### [Exercise requirements]
Give the entries below again exactly. Their pictures are not needed.

Recorded data

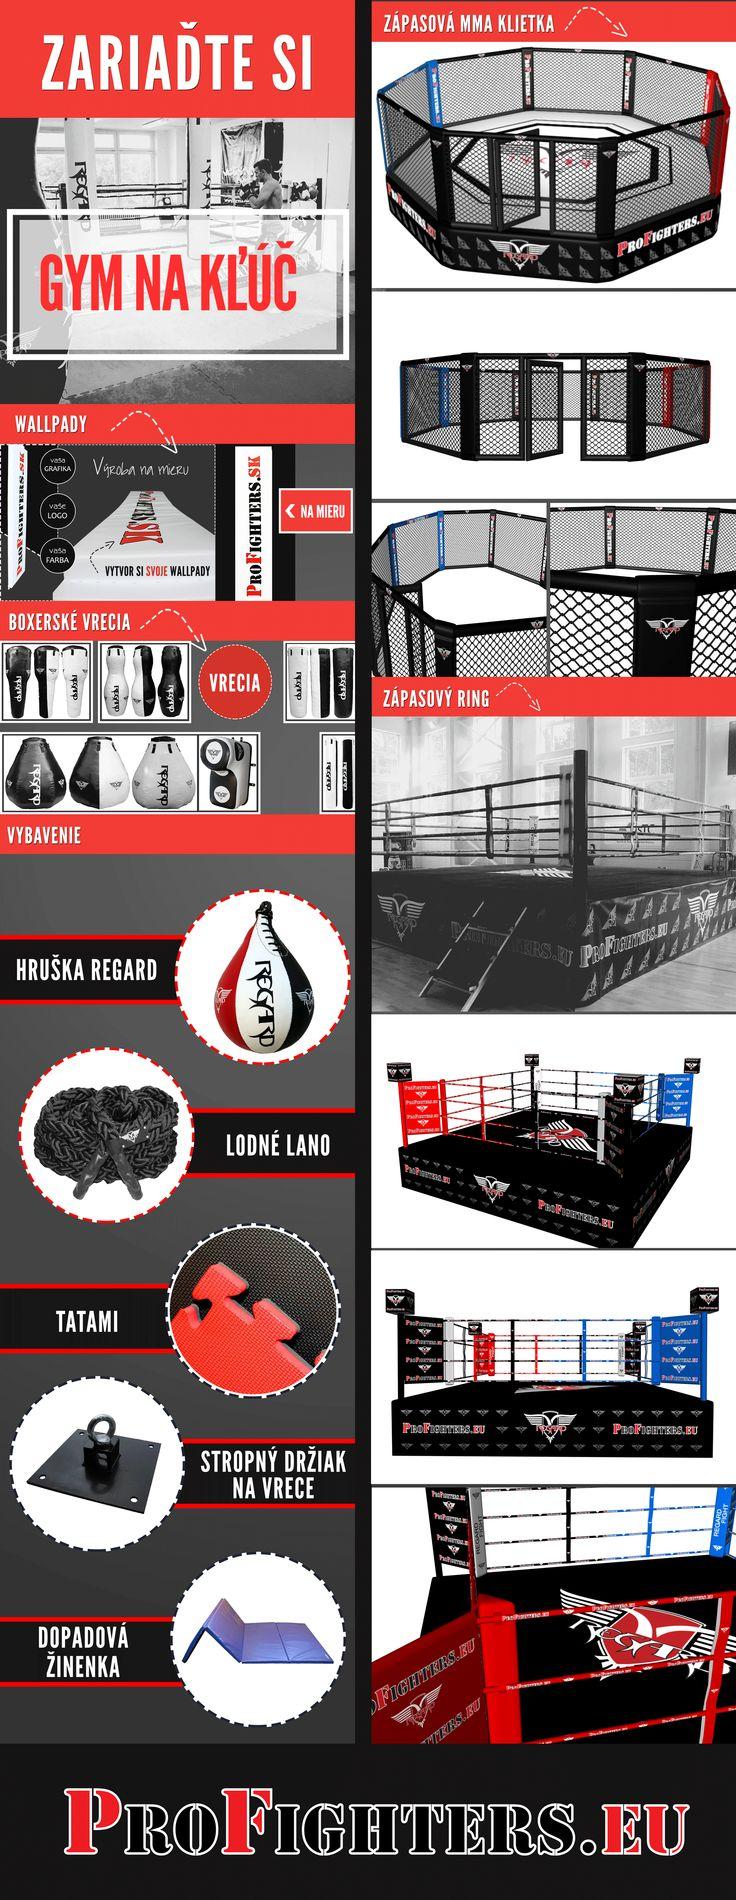 Zariadíme gym na kľúč!  www.profighters.eu
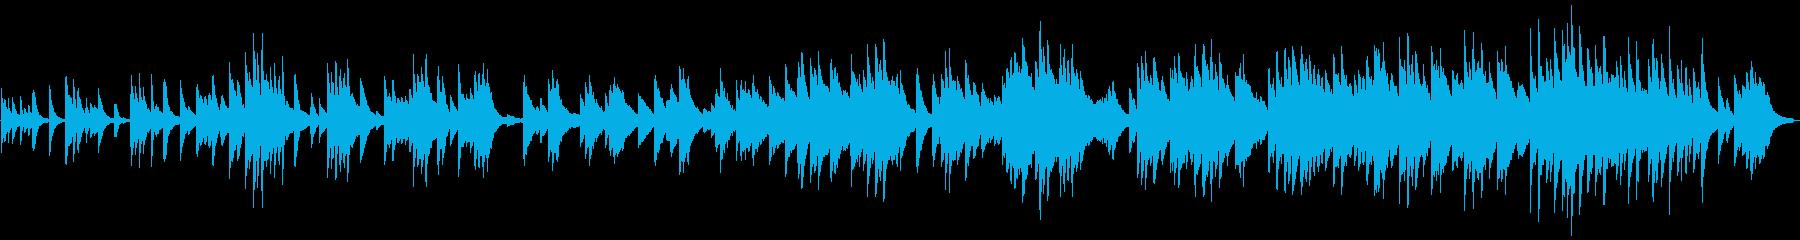 優しく切ないピアノバラードの再生済みの波形
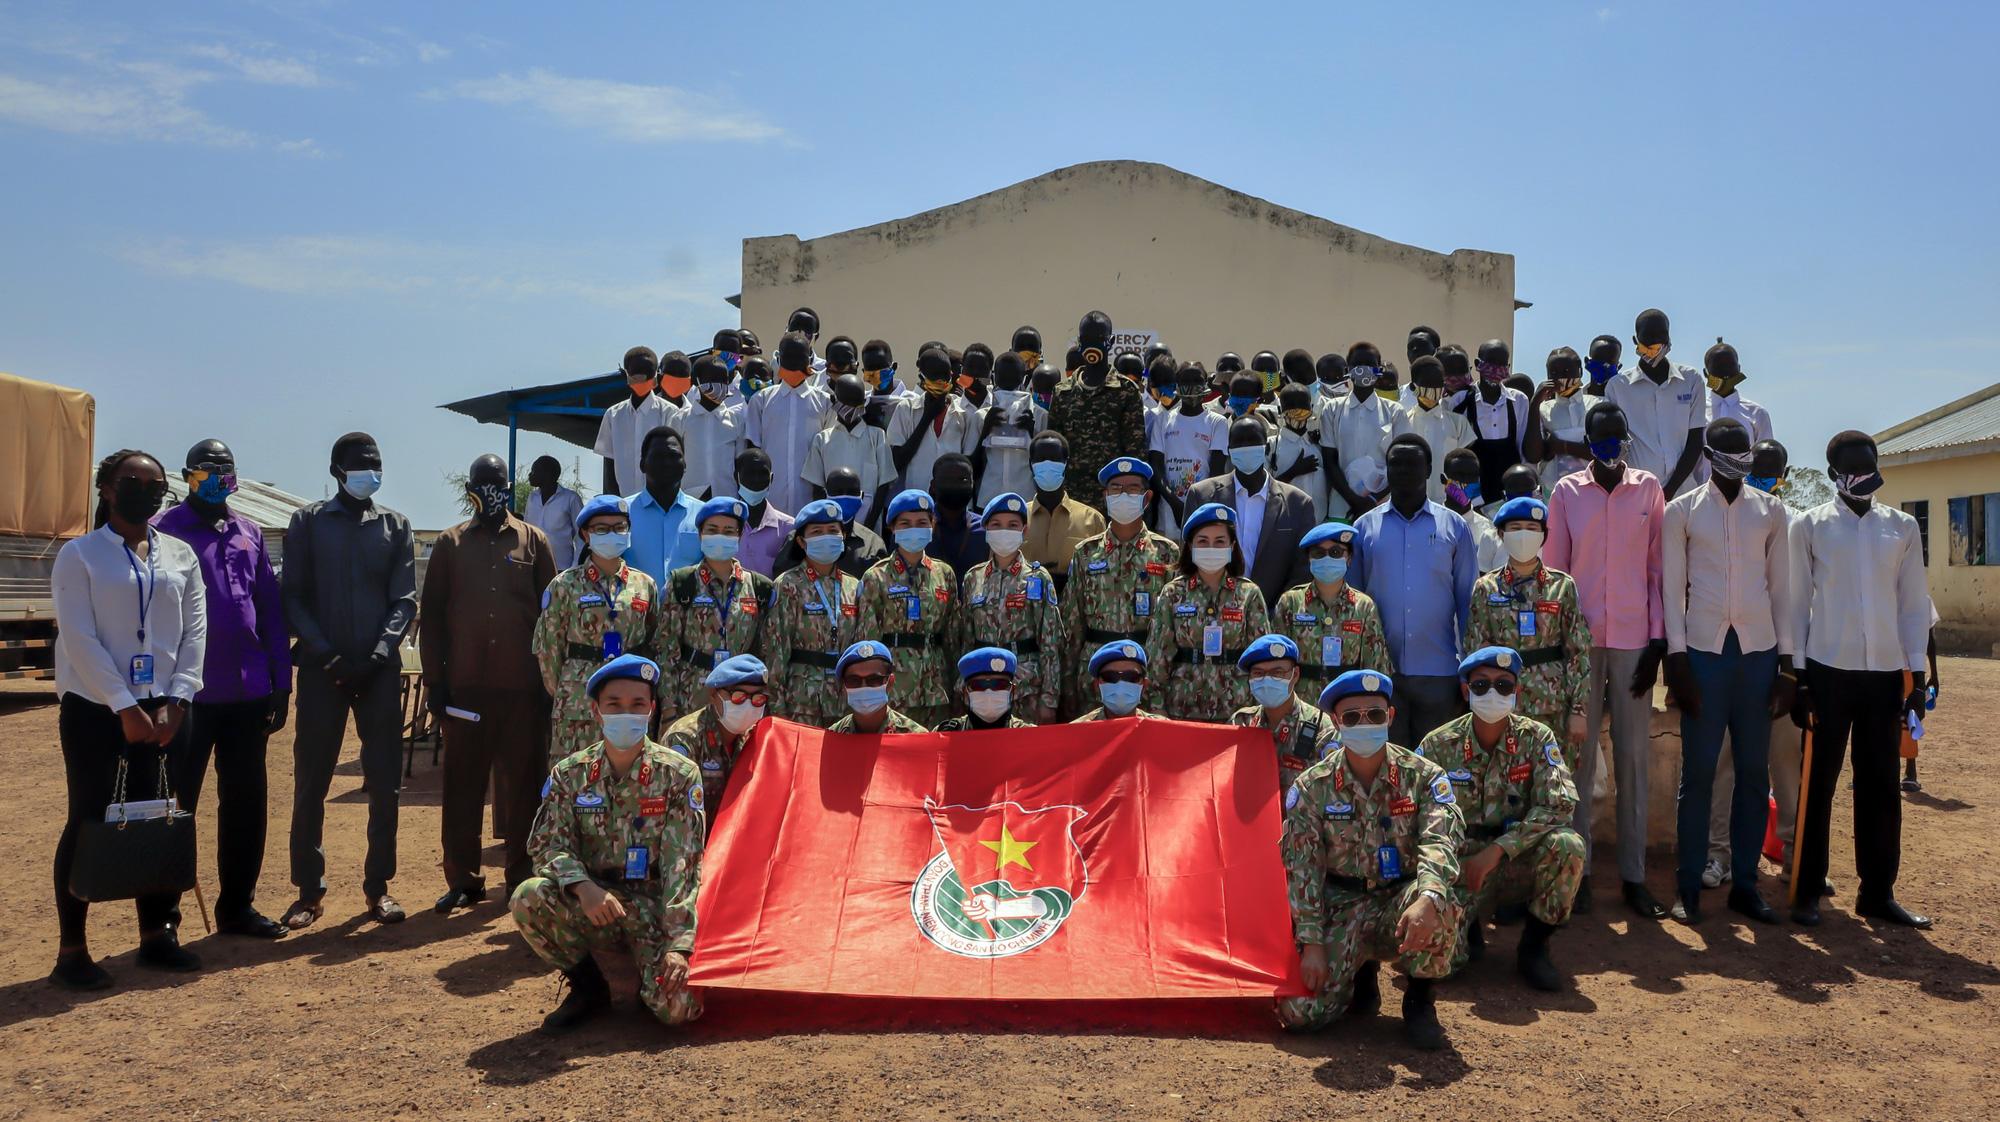 Bất ngờ tranh kỷ niệm Quốc khánh 2-9 của Bệnh viện dã chiến mũ nồi xanh Việt Nam tại Nam Sudan - Ảnh 2.
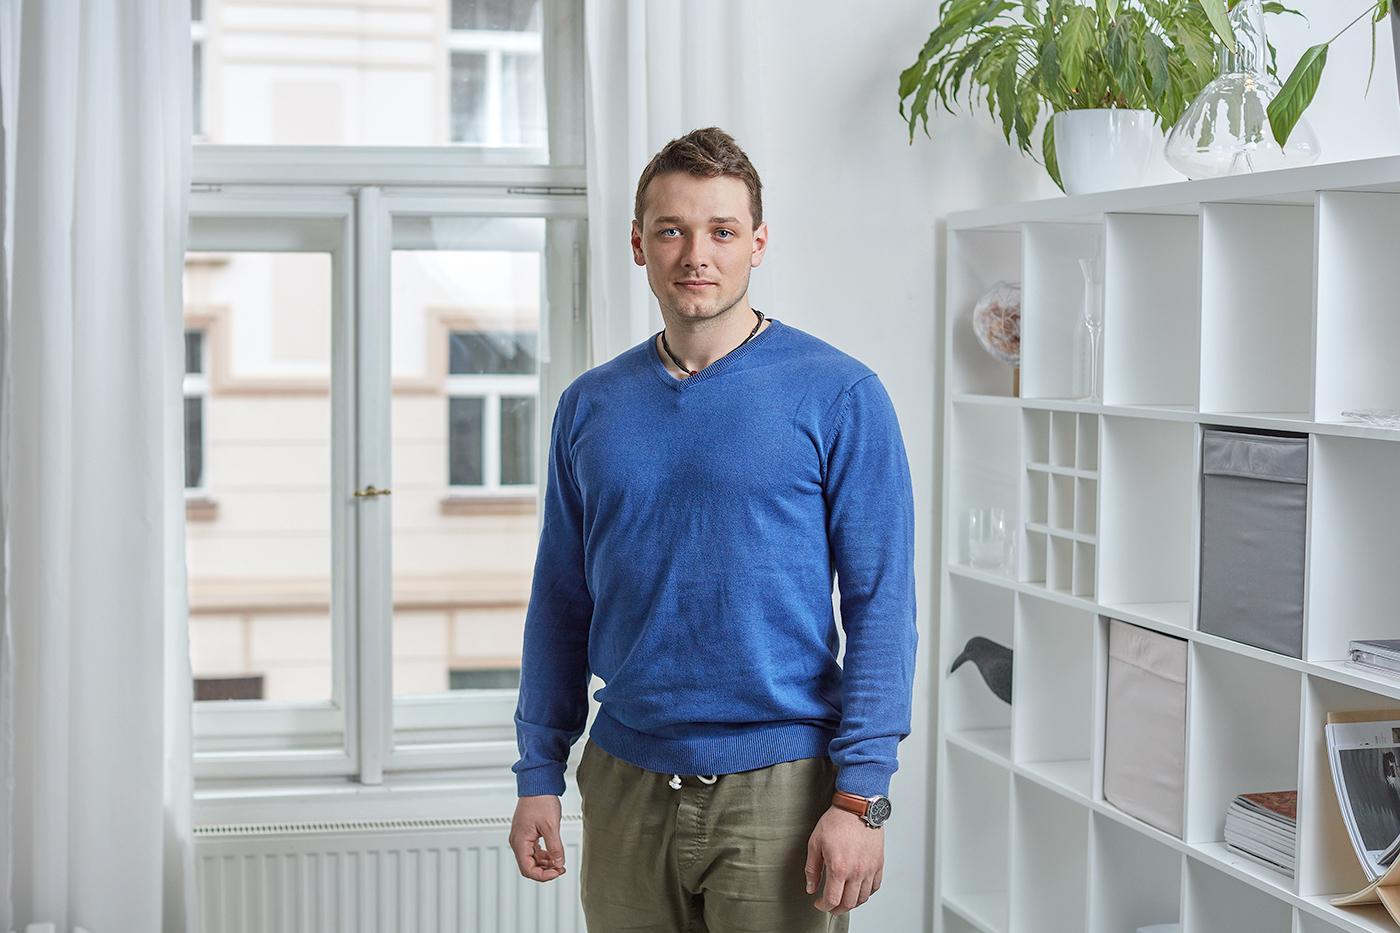 Pavel Jakl
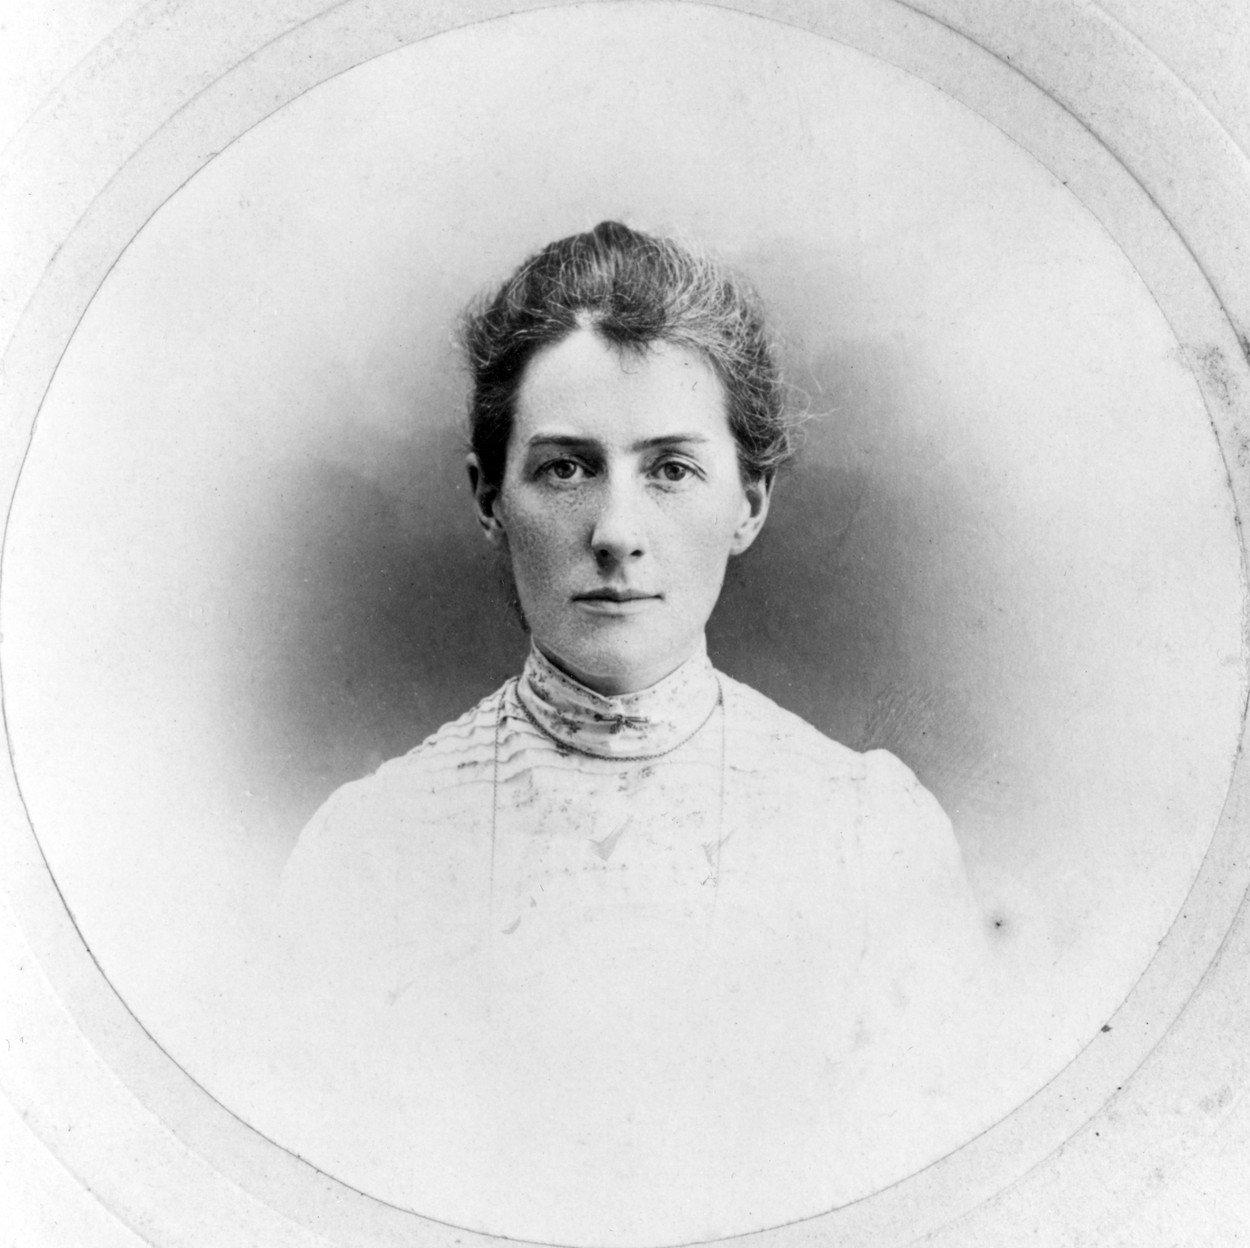 Edith Cavellová

### [Completed task]
 Zariadíme gym na kľúč!  www.profighters.eu
 優しく切ないピアノバラードの再生済みの波形
 Bất ngờ tranh kỷ niệm Quốc khánh 2-9 của Bệnh viện dã chiến mũ nồi xanh Việt Nam tại Nam Sudan - Ảnh 2.
 Pavel Jakl
 Edith Cavellová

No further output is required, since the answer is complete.